The Linux Kernel Source Code

The Linux Kernel Source code is one of the largest and most complex codebases in the world. With over 30 million lines of code, it is a massive undertaking to understand. However, the base Linux kernel source code is relatively small, with the majority of the code being drivers and architecture-specific code.

In the last section we discussed how the Linux kernel can be obtained and built. Now let's read and go over the source code itself.

Layout of the source code

The Linux kernel source code is organized into several directories, each containing different parts of the kernel. The main directories are:

arch/: Architecture-specific code for different CPU architectures.
block/: Block device drivers.
certs/: Certificates for module signing.
crypto/: Cryptographic algorithms and drivers.
Documentation/: Documentation for the kernel.
drivers/: Device drivers for various hardware.
fs/: Filesystem code.
include/: Header files for the kernel.
init/: Initialization code for the kernel.
io_uring/: io_uring subsystem code.
ipc/: Inter-process communication code.
kernel/: Core kernel code.
lib/: Library code used by the kernel.
mm/: Memory management code.
net/: Networking code.
rust/: Development of the Rust language support in the kernel.
samples/: Sample code for various kernel features.
scripts/: Scripts for building and maintaining the kernel.
security/: Security modules and code.
sound/: Sound drivers and ALSA code.
usr/: User-space tools and utilities.
virt/: Virtualization code.

In this book we are not going to go over every single directory and file in the kernel source code, but we will focus on the core workings.

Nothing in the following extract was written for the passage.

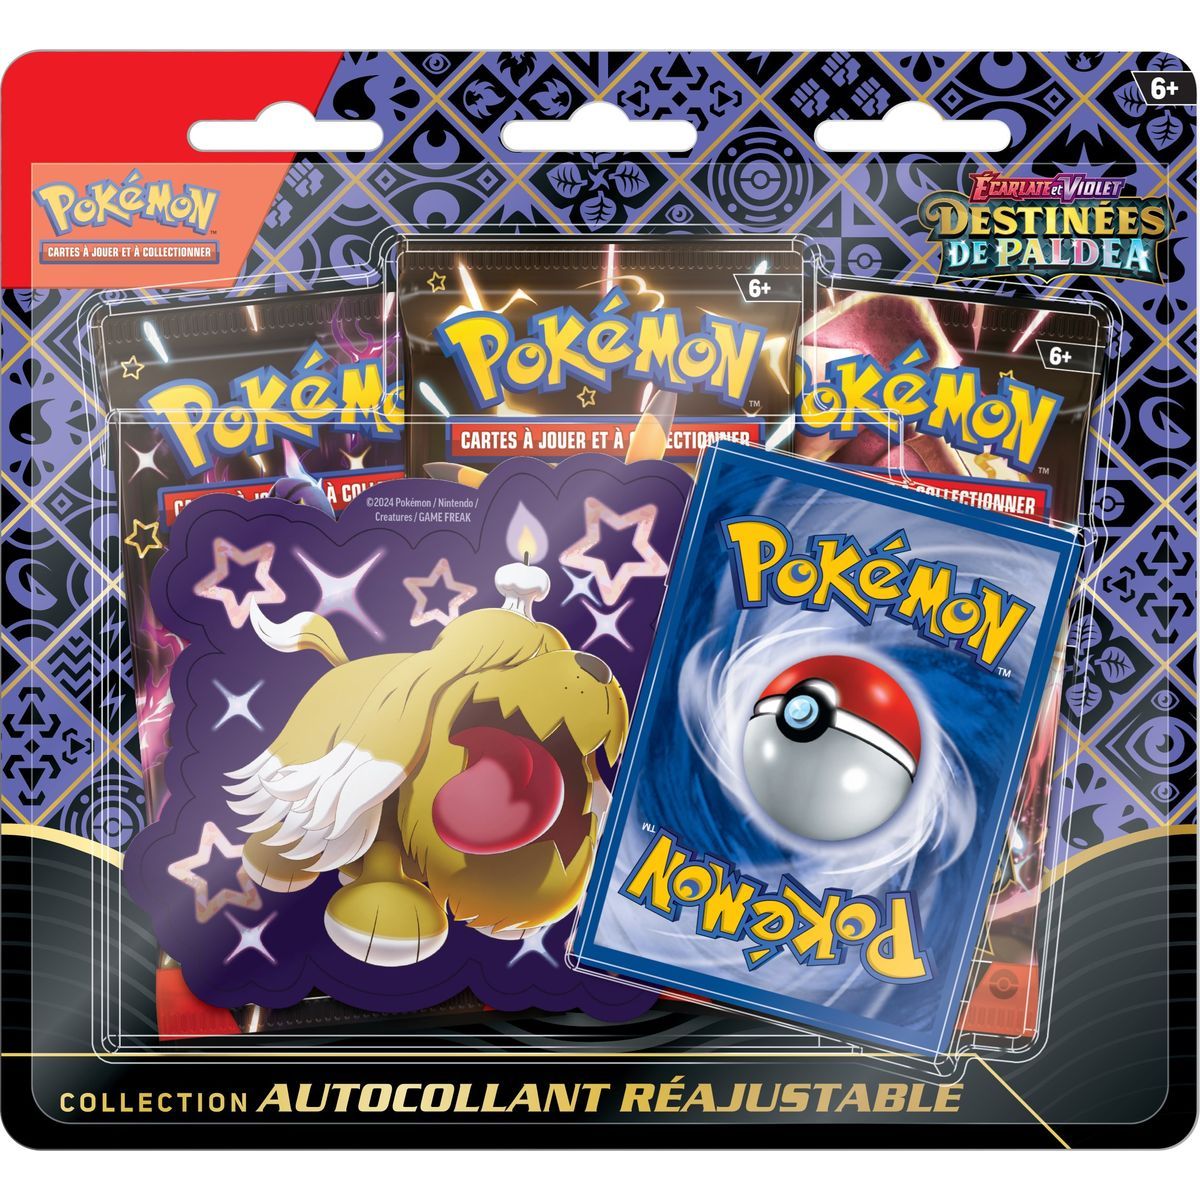 Pokémon - Coffret Collection Autocollant réajustable - Ecarlate et Violet - Destinées de Paldea Toutombe -[SV04.5 - EV04.5] - FR

How to read the source code

The Linux kernel source code is written in C, with some assembly code for architecture-specific parts. It also uses Makefile and Shell scripts for building and maintaining the kernel.

When reading the source code, it is important to understand the overall structure of the kernel and how the different parts interact with each other.

The C follows the C99 standard with some GNU extensions. The code is heavily commented, but it can still be difficult to understand without a good understanding of C and the kernel's architecture. The code is also 80-column formatted, which makes it easier for CRT and 4:3 users to read; like myself.

"Help, I find it hard to follow functions and references in the code!"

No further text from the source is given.